Исследование воспаления, перенесенное на почву сравнительной патологии, показало, что сущность этого явления состоит в реакции клеточных элементов против болезнетворной причины. Воспаление оказалось, таким образом, не проявлением болезни, как думали прежде, а, наоборот, выражением целебной силы организма. Представление это перевернуло отношение медицины к воспалению, и поэтому, вместо того чтобы мешать проявлению воспаления, врачебное искусство стало извлекать средства к усилению его, ради скорейшего исцеления. В настоящее время уже придумано несколько способов к увеличению воспалительного выпота, что оказалось очень полезным для устранения болезнетворного начала, вызывающего воспалительную реакцию.
Но если, с одной стороны, дарвинизм оказал большую услугу медицинской науке и практике, то, с другой стороны, не подлежит сомнению, что медицина не осталась в долгу перед дарвинизмом и принесла ему не малую пользу. Для пояснения этого остановимся на вопросе о наследственности, играющем столь важную роль в теории происхождения видов. В последнее время ученые, разрабатывающие эту теорию, занялись подробно изучением наследственности некоторых болезненных явлений, как, например, отклонением от нормального восприятия цветов. В этом отношении добыто уже несколько интересных выводов. Но еще важнее данные, которые были добыты медицинской наукой относительно унаследования приобретенных признаков.
В то время как прежде казалось само собою разумеющимся, что всякое изменение, претерпеваемое каким-нибудь органом при жизни, должно переходить и к потомству, теперь пришли к противоположному заключению. Главным образом под влиянием доводов Вейсмана принято, что приобретенные изменения не наследственны, как, например, обрезание и другие повреждения частей.

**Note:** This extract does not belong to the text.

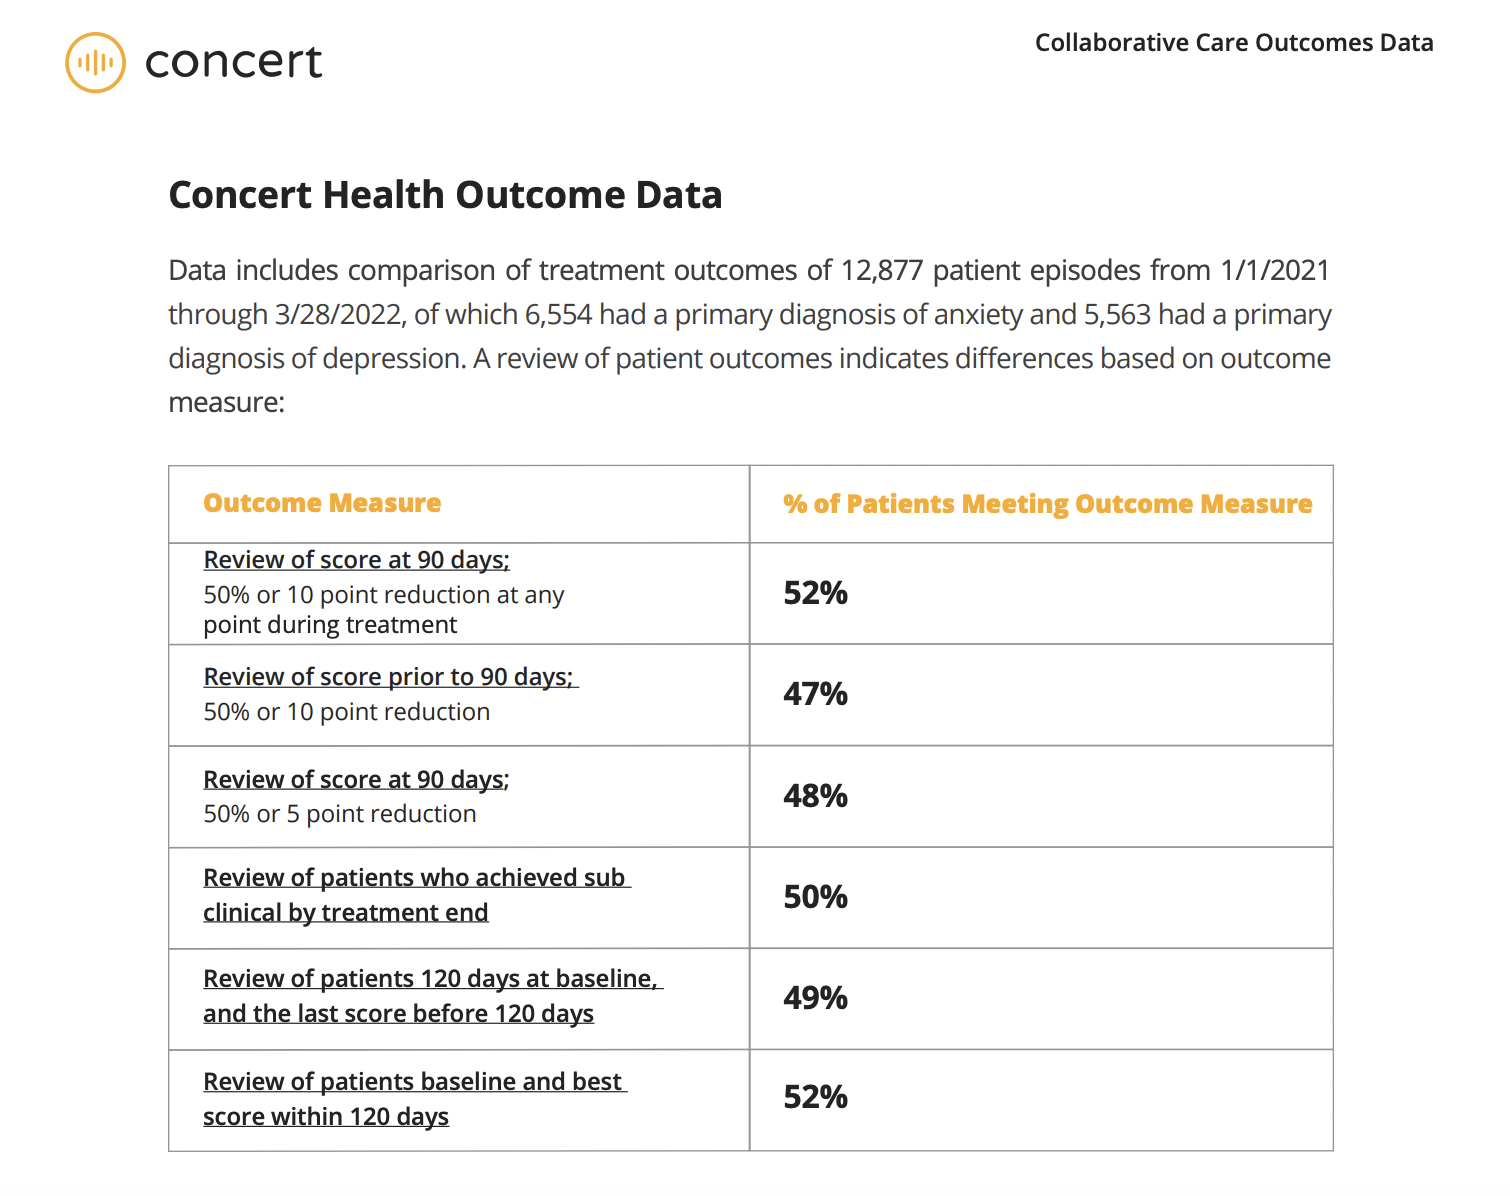 Raising the Bar: Collaborative Care Outcomes Data Report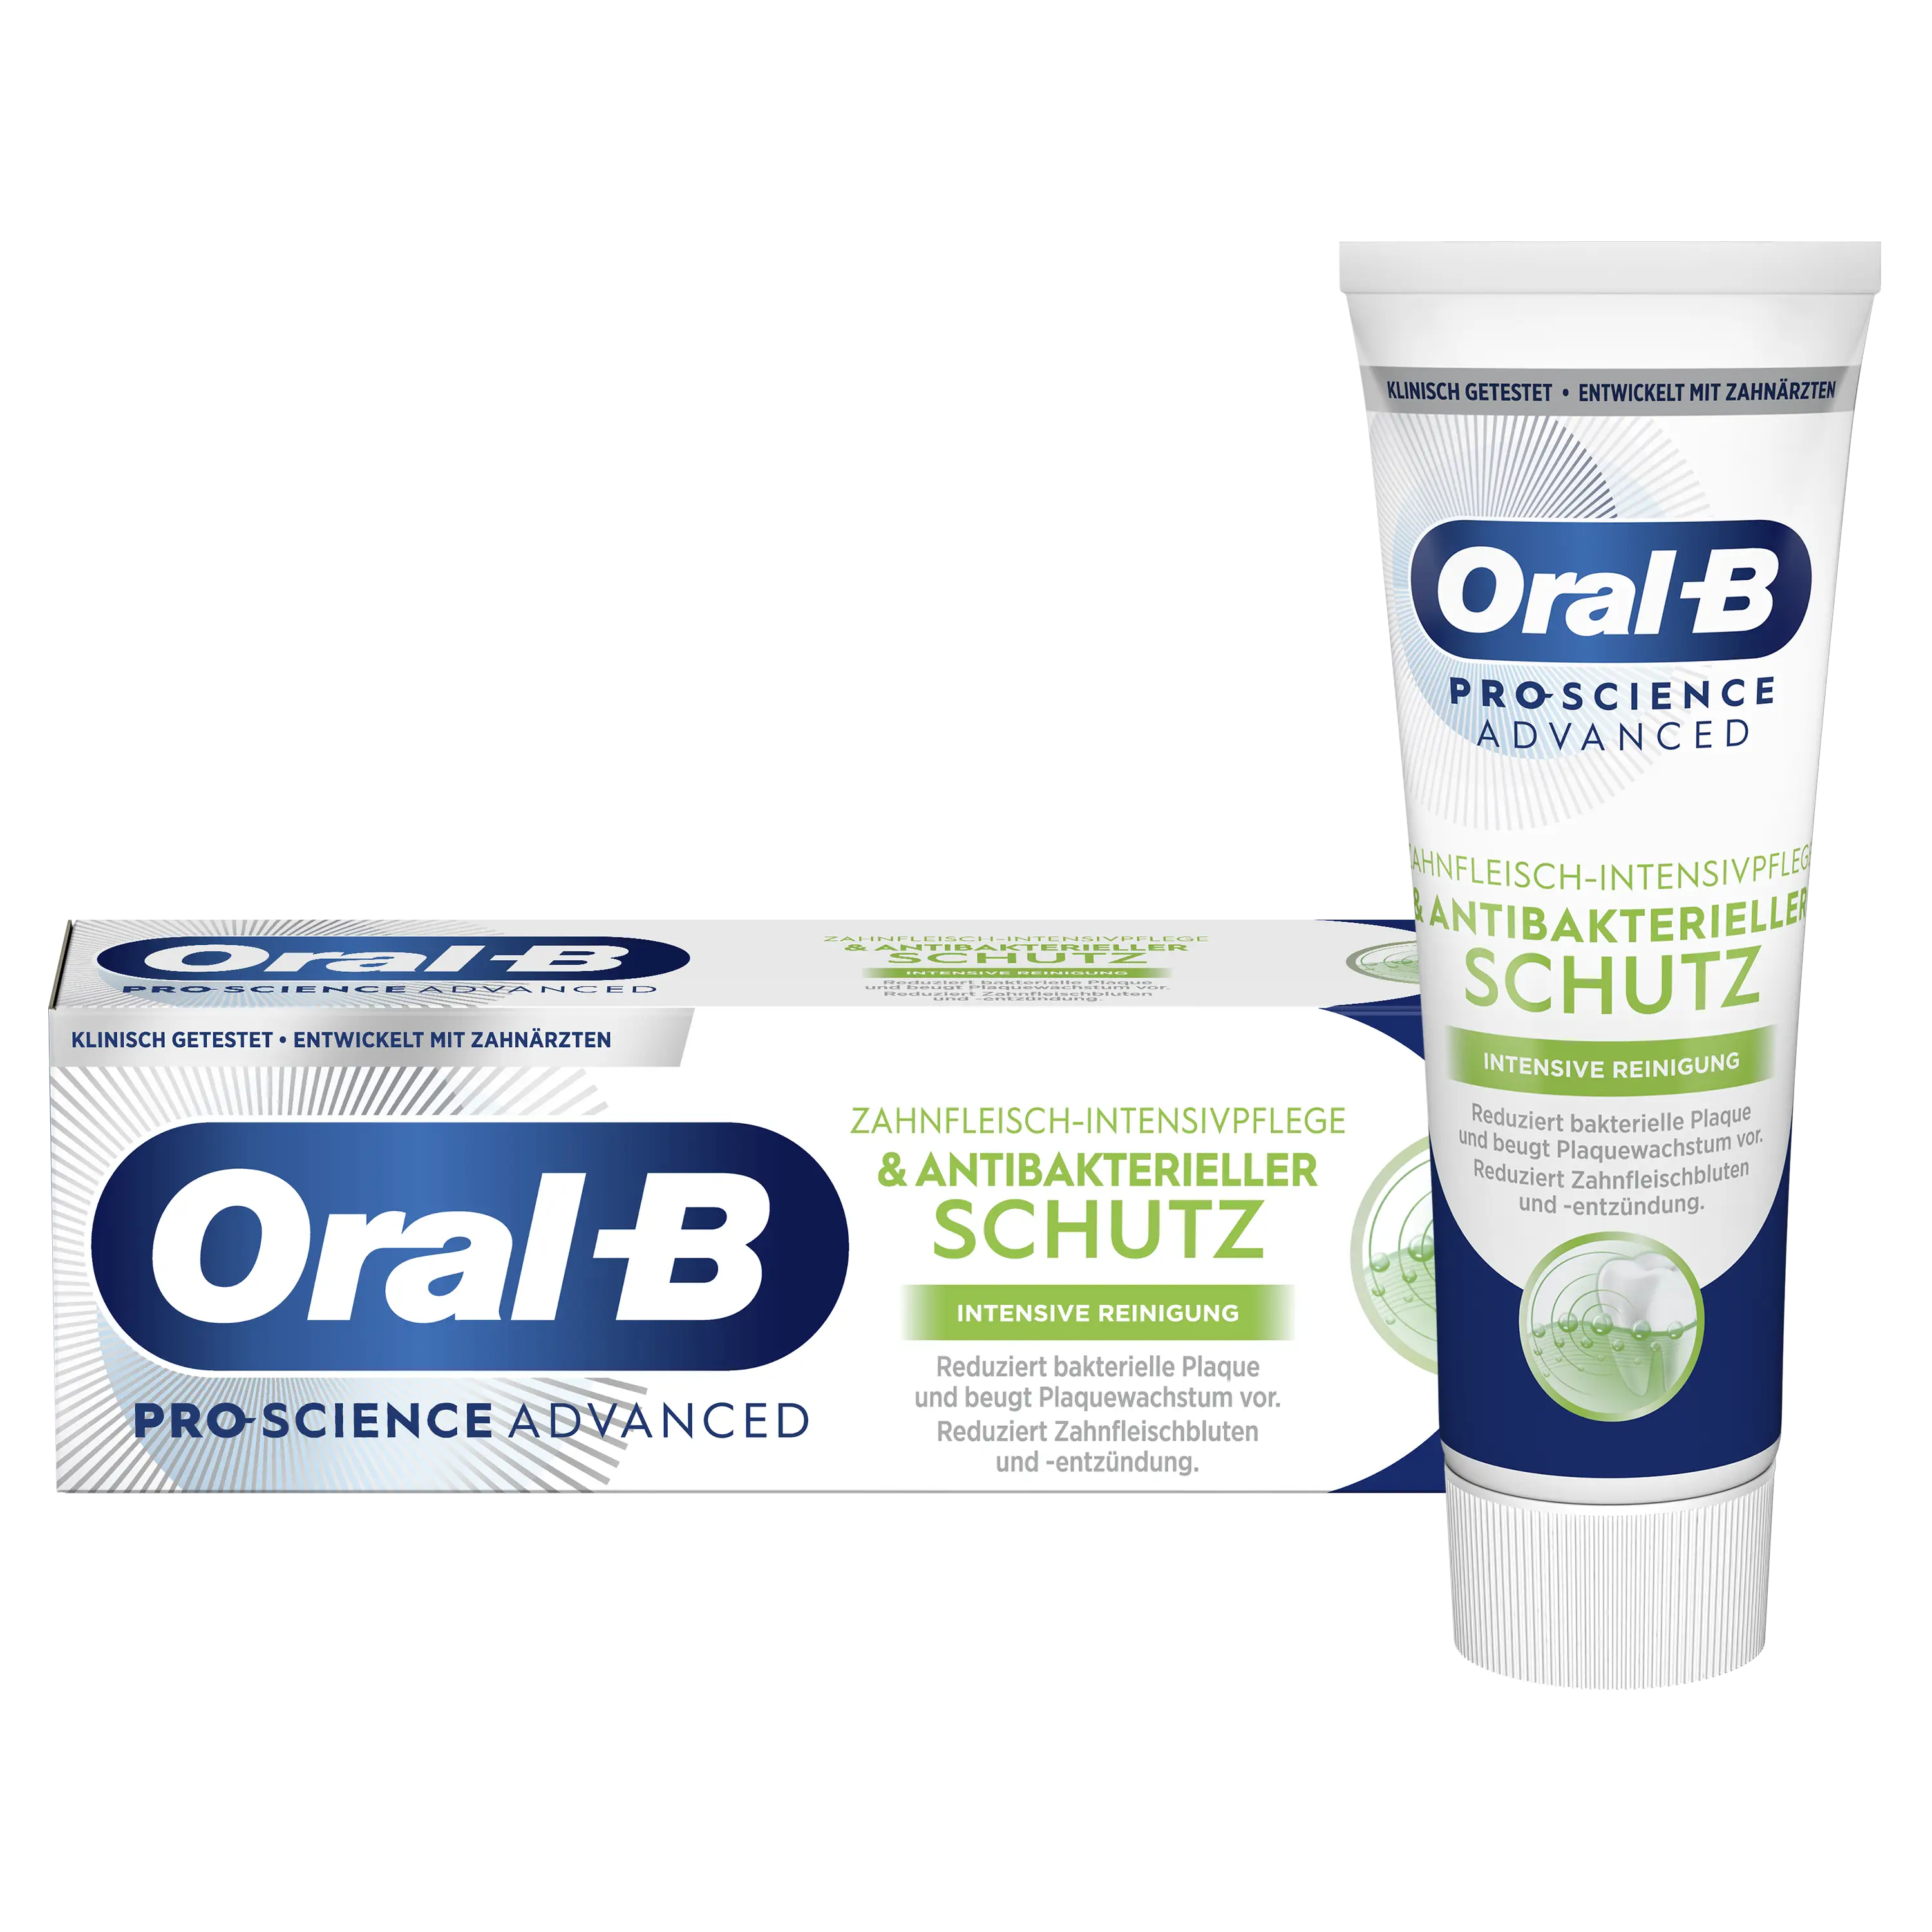 Image - Oral-B Professional Zahnfleisch-Intensivpflege & Antibakterieller Schutz Zahnpasta - Intensive Reinigung - 1

В то время, когда в науке об изменяемости видов происходили усиленные прения по этому вопросу, Пастером и его сотрудниками, Ру и Шамберланом, был найден среди болезнетворных бактерий очень типичный пример наследственности приобретенных признаков. Палочка сибирской язвы, выращенная в необычной для нее среде, теряет свойство производить споры. Эта особенность передается по наследству в неограниченном числе поколений, которые — и это особенно существенно — могут быть выращиваемы и при совершенно нормальных условиях. Таким образом, получается новая разновидность, которая отличается не только отсутствием спор, но еще и совершенно особенным действием на организм. Вместо того чтобы производить смертельную сибирскую язву, она, наоборот, предохраняет от нее. Все эти изменения являются в результате болезненного состояния сибиреязвенной палочки. Она превращается в предохранительную вакцину под влиянием отравления ядами (хромовой или карболовой кислотой) или же в том случае, когда она развивается при необычно для нее высокой температуре. Так как эти болезнетворные влияния действуют на элементы размножения (у бактерий всякая клеточка является таковым), то изменения их становятся наследственными и при развитии без прибавления ядов к среде и при обычной для них температуре.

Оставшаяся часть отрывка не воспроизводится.